Dans les régions du pays contrôlées par Damas (où environ 300 000 personnes sont également sans abri), MSF n’a pas pu s’implanter. Les informations qui en proviennent le font peu à peu alors que le président syrien, Bashar Asad, est resté absolument silencieux depuis le tremblement de terre. Il n’y a pas de déclarations mais il y a de nouvelles attaques. Comme l’ont rapporté des organisations syriennes de défense des droits de l’homme, un bombardement a eu lieu dans la ville de Marea quelques heures seulement après le tremblement de terre.
N’oubliez pas la Syrie, la douleur d’un pays qui ajoute des malheurs. C’est la demande des organisations d’aide humanitaire. « La communauté internationale doit immédiatement mobiliser des ressources dans le nord de la Syrie », a demandé il y a deux jours Aya Majzoub, directrice adjointe d’Amnesty International pour le Moyen-Orient. « Il y avait déjà une situation d’urgence dans le nord-ouest de la Syrie. Les communautés là-bas luttent contre une épidémie de choléra et souffrent de la pluie et des chutes de neige. Dans ce contexte, et avec plus d’une décennie de conflit, ce tremblement de terre est insupportable », Unicef a déclaré le porte-parole James Elder à Genève mardi dernier.

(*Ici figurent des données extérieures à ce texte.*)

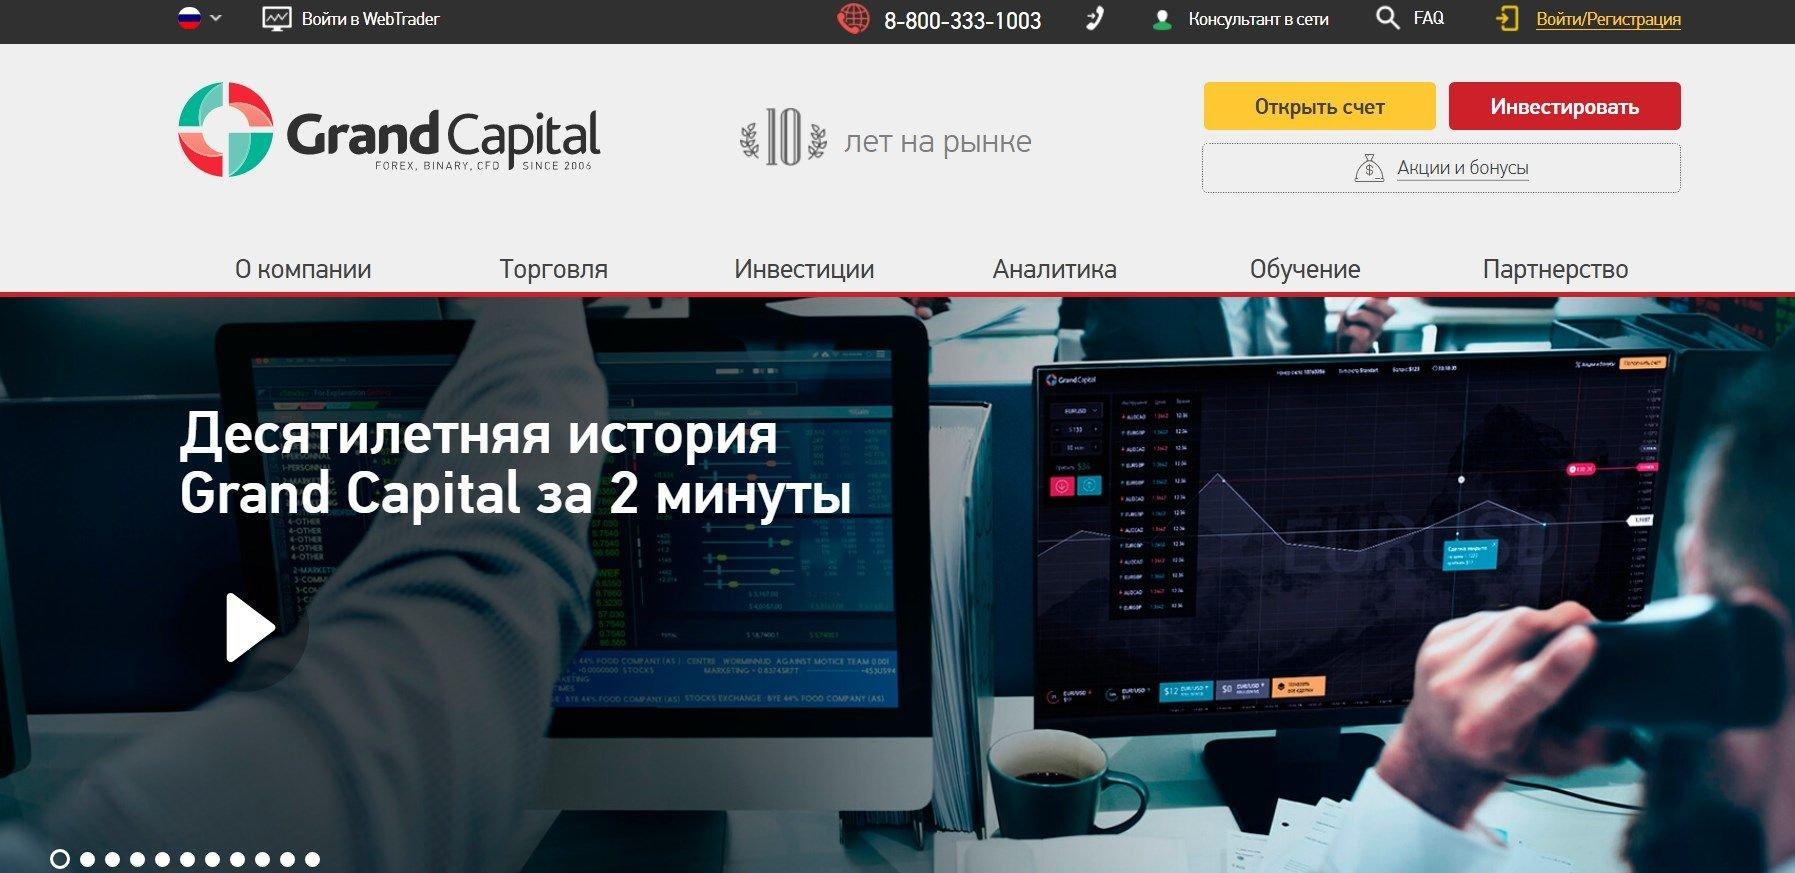 Торговля опционами проходит на официальном сайте Гранд Капитал

« Il y a une certaine lassitude au sein de la communauté internationale. Mais il est essentiel de garder la bourre en Syrie. Il faut trouver une solution, les gens vivent avec d’énormes privations, dans une situation déplorable. Ils vivent sans aucune perspective d’avenir. Même pas pour la paix », explique-t-il, dans une conversation de Jordanie, Francisco Otero y Villar, qui tente de trouver un espoir, même minime, dans ce sombre panorama. Il raconte qu’hier, un groupe de volontaires a sorti des pierres le corps d’une jeune mère syrienne, morte. Puis ils ont entendu un cri, c’était un de leurs enfants, grièvement blessé. Alors que l’enfant était déjà chargé dans une ambulance, quelqu’un a soudainement deviné: « Un autre frère. » Et une fois que l’ambulance s’est mise en marche, encore un cri : « Et encore un frère ! ». Trois survivants qui se remettront de leurs blessures tandis qu’ils récupèrent tous les pièces du puzzle familial.